NFS can work with a change attribute that tells it to invalidate its
cache on every read. The only side effect will be that the performance
graph will act as if you were filtering it through a cow's digestive
system...

> The problem we're talking about here is essentially a relatime
> filtering issue; it's triggering an filesystem update because the
> first access after a modification triggers an on-disk atime update
> rahter than just storing it in memory.

No. It's not... You appear to be discarding valuable information about
why the attributes changed.

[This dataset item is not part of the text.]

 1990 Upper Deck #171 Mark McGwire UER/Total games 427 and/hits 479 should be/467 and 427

I've been asking you for reasons why, and
you're avoiding the question.

> This is not a filesystem issue - the VFS controls when the on-disk
> updates occur, and that what NFSv4 appears to need changed.
> If NFS doesn't want the filesystem to bump change counters for
> on-disk atime updates, then it should be asking the VFS to keep the
> atime updates in memory. e.g. use lazytime semantics.
> 
> This way, every filesystem will have the same behaviour, regardless
> of how they track/store persistent change count metadata.

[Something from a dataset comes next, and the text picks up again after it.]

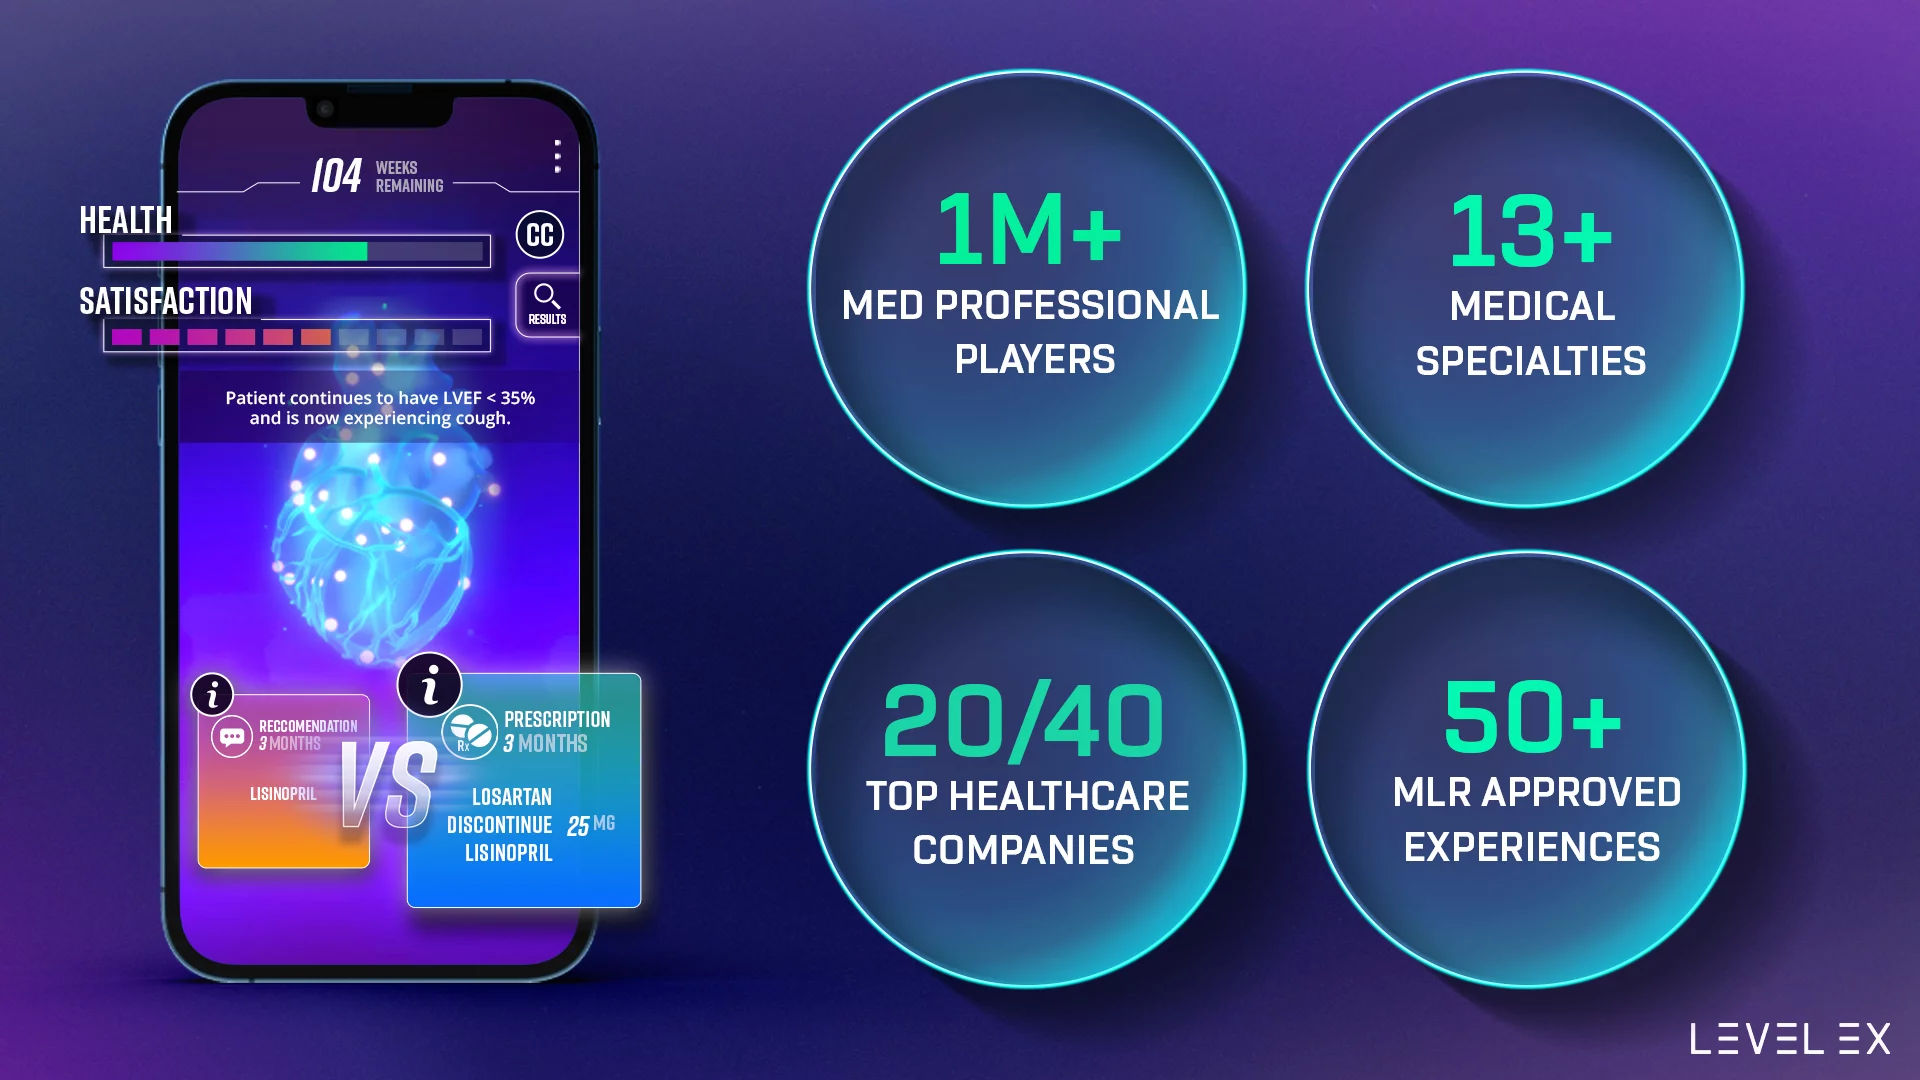 Level Ex games are played by over one million  medical professionals across 13 medical specialties.  Level Ex works with the top med tech and pharma companies.

Right now, the i_version updates are not exported via any common API,
so any piss poor performance side-effects of the implementation are
pretty much limited to the kernel users (NFS and... ???)

Who do you expect to use this attribute if it were to be exported via
statx() as Jeff is proposing, and why is the XFS behaviour appropriate?
It already differs from the behaviour of both btrfs and NFS, so the
argument that this will magically consolidate behaviour can be ignored.

-- 
Trond Myklebust
Linux NFS client maintainer, Hammerspace
trond.myklebust@xxxxxxxxxxxxxxx